Yes, there are a couple of OCR apps/tools which support the original compression and just add their text layer to the file, which I consider the right thing to do. But it seems that on the Mac a lot of companies seem to just take the simplistic approach and use Apple’s PDFKit without a lot of consideration. I don’t care if the PDFs created (e.g. by the MacOS Preview app) for printing purposes recompress images, but for archiving purposes it’s a no-go.

One can easily check what is going on by opening the PDF file with a text editor. In PDFs produced by a bundled scanner app one typically finds lines like this for the page images:

<</Type/XObject/Subtype/Image/Width 2477/Height 3507/ColorSpace/DeviceGray/BitsPerComponent 1/Filter/CCITTFaxDecode/DecodeParms<</K -1/Columns 2477/Rows 3507>>

Watch out for the /Filter/CCITTFaxDecode — a simplistic app turns this into /Filter/FlateDecode (then it might be lossless conversion, but with a much bigger file size as this compression algorithm is not nearly as well suited for scanned images) or even /Filter/DCTDecode, which is the lossy JPEG compression.

@jerwin The jagginess is of course a matter of the image resolution, i.e. 300dpi is more jaggy than 600dpi — which enough pixels, everything looks smooth.

Macster · December 1, 2019, 8:07pm

For my purposes (archiving business documents) I actually consider Tesseract good enough. No automated OCR will yield perfect results anyway, except perhaps under very controlled conditions which don’t happen in my case where each document is different in size, layout, fonts, colors and contents.

So for me OCR just 1. increases the odds that a document will show up in a Spotlight search, and 2. makes it possible to copy some single pieces of data from it like e.g. serial numbers (so I can save some typing even though I need to closely look whether what’s copied matches the original text).
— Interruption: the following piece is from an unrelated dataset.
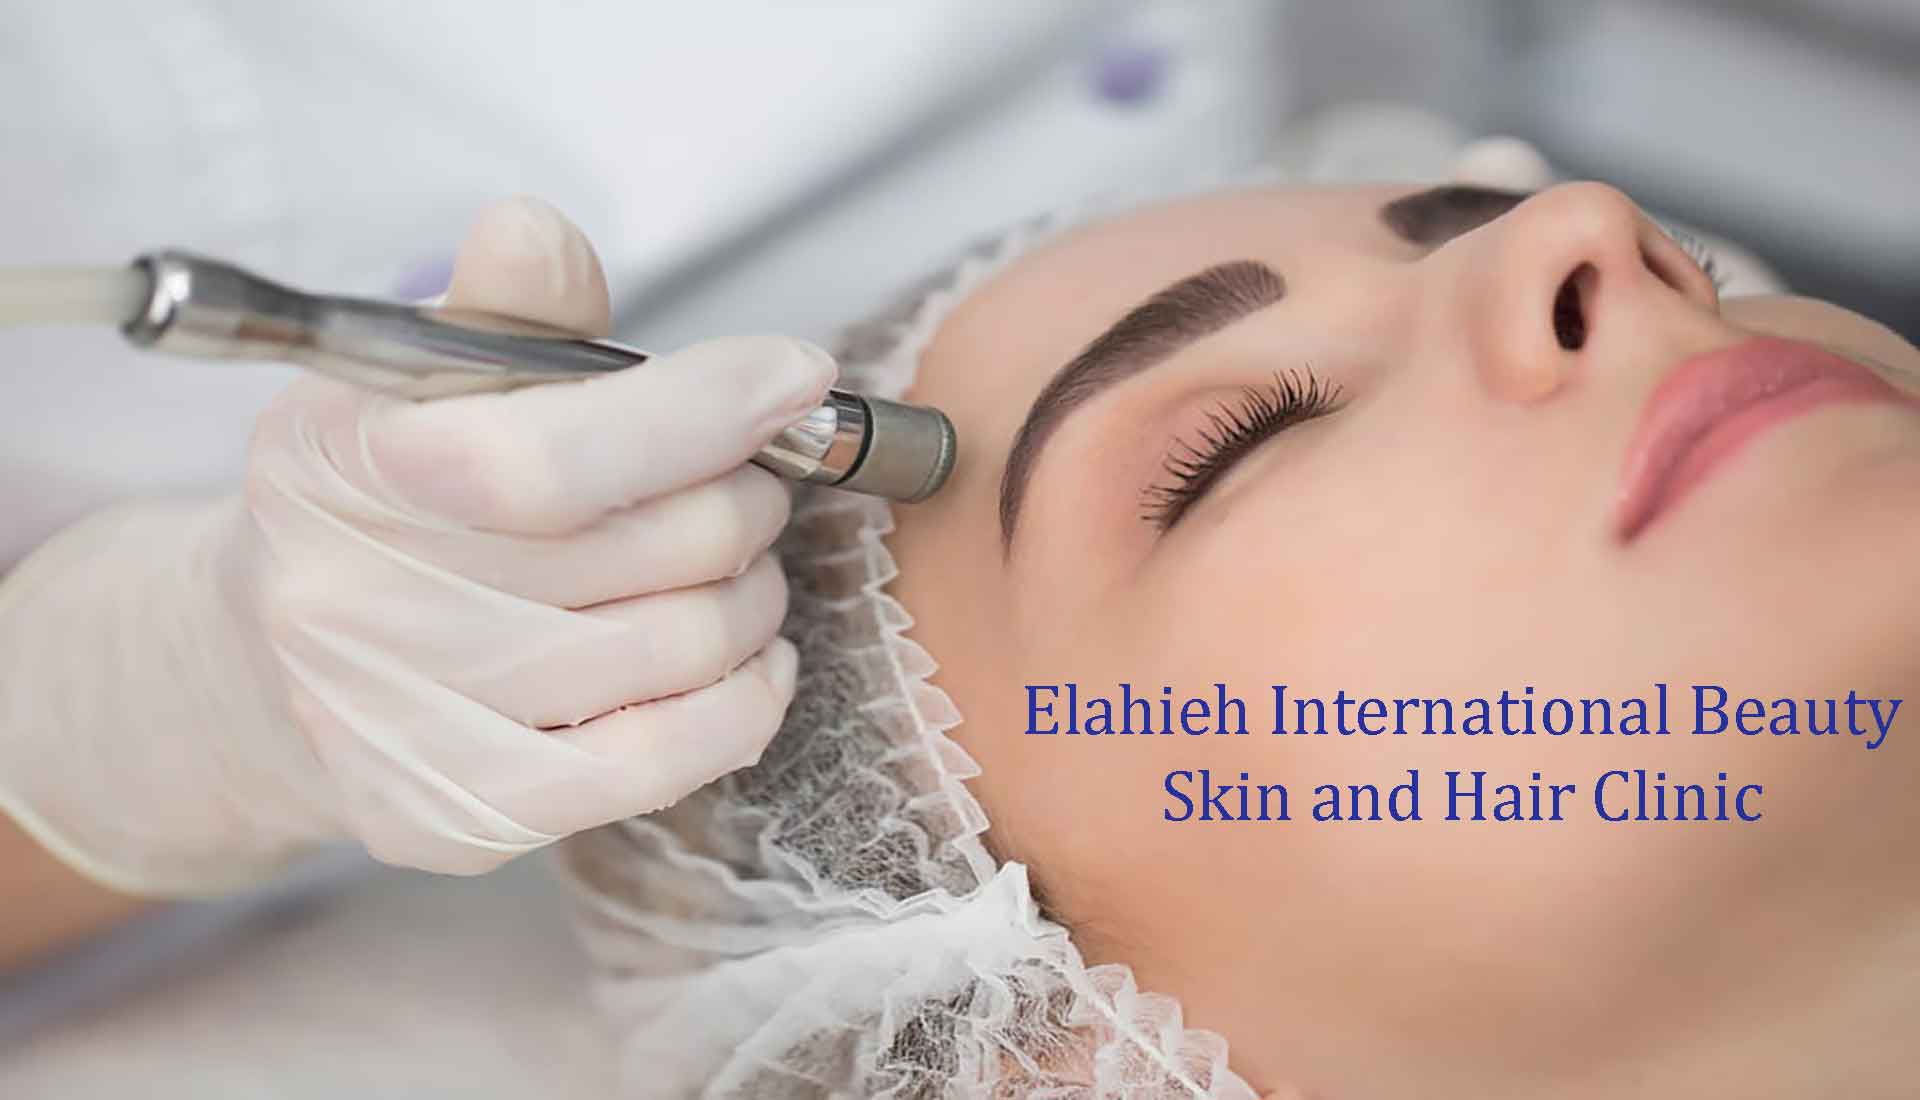 Elahieh International Beauty Skin and Hair Clinic

So I’d choose a less-than-perfect OCR result over mangled images inside of the PDFs any day.

EDIT: Especially since degrading the image makes it impossible to do OCR again at some later point in time with a better software again. So one would need to keep the original PDF around, too. What a nonsense!
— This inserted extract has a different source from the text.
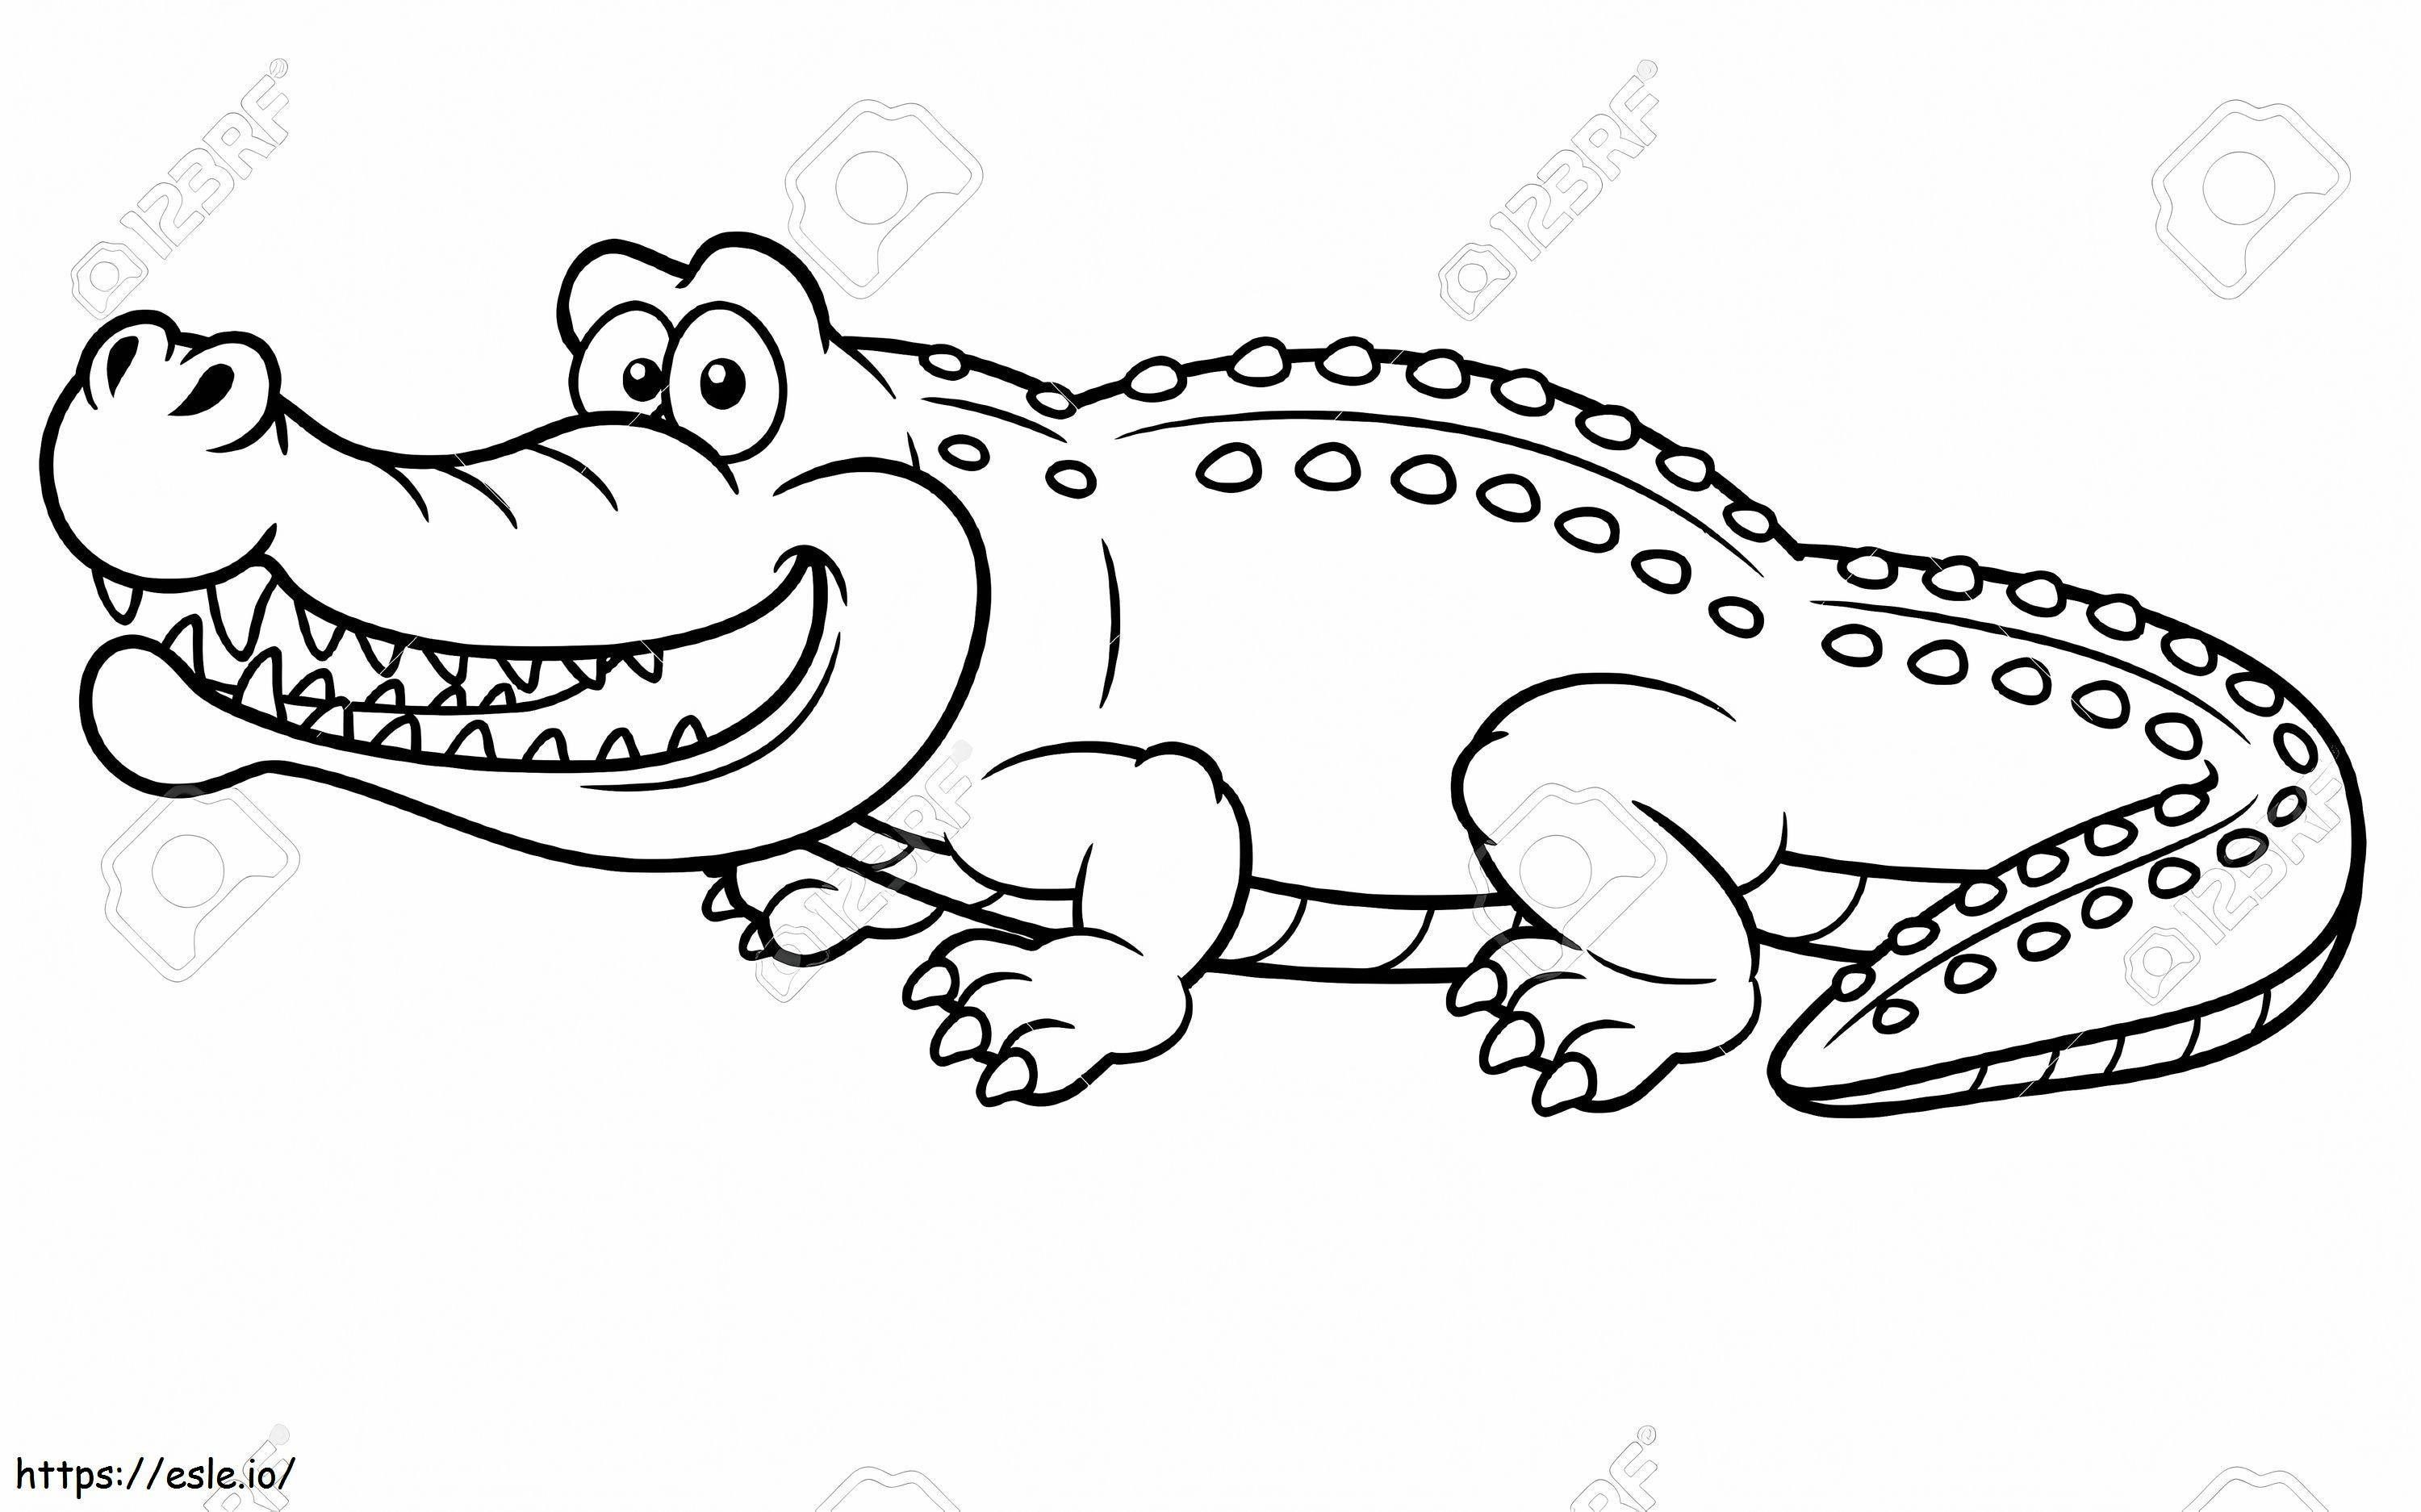 1528531885 Alligatora4 coloring page

wmc · December 1, 2019, 8:10pm

To my eye, PDFPen Pro fits that description. I can’t see a difference between the before and after OCR versions.

Macster · December 1, 2019, 8:13pm

That sounds great, but also have a look at the size of the resulting PDFs. If the file size increases considerably, that’s not because of the few words of OCR’ed text which only takes a few kilobytes. It’s because of some kind of recompression with a suboptimal codec.

wmc · December 1, 2019, 8:24pm

Original 25.5MB (from ExactScan, no OCR); PDFPen Pro output file 14.5MB. Both use the `/Filter/FlateDecode you mention above.
Edit: There’s a cost: Compressed by DT3.0.1 OCR engine: 1.2MB. Also FlateDecode, FWIW. Not as clear as the PDFPen output, but usable, unlike the 3.0.2.

Macster · December 1, 2019, 8:39pm

Your case is probably different than that of the original poster @chreliot who had a bi-level black and white scan turned into greyscale with what looks like JPEG compression.

The /Filter/FlateDecode is lossless, it’s basically the same as LZW or ZIP, which can be performed with different “thoroughness” during the processing stage (= higher compression takes more time to compute) in order to possibly get smaller files but without sacrificing image quality.

In order to get way smaller files with /Filter/FlateDecode, resolution needs to be decreased, i.e. pixels need to be dropped. Normally one does not want this either, because if one doesn’t need the resolution, one would have scanned the document with a lower one to begin with.

(But then again I am looking at the topic from an archiving background — if you don’t want or need to “preserve” a file but just want to keep it around in a size where you can still “read” it, all that might not be so important.)

wmc · December 1, 2019, 8:45pm

Appreciate your comments; very informative.

Except in the case where more res is needed for accurate OCR (small point size type) but OK for viewing/printing. So more lossy compression might be acceptable.
But yeah, everything is a tradeoff.

wmc · December 1, 2019, 8:48pm

Original was black print on yellow paper, scanned in color, 300dpi.

Macster · December 1, 2019, 8:56pm

OK, I agree this is a case where one surely desires smaller files when one is done processing them. A 300dpi color scan is huge.

With /Filter/CCITTFaxDecode one usually gets single-page PDFs which are only around 50 kilobytes in size at A4 @ 300dpi, and then it really hurts if just the OCR stage either turns them into 2 megabytes or degrades image quality, or even both. This is what I was mainly talking about, sorry.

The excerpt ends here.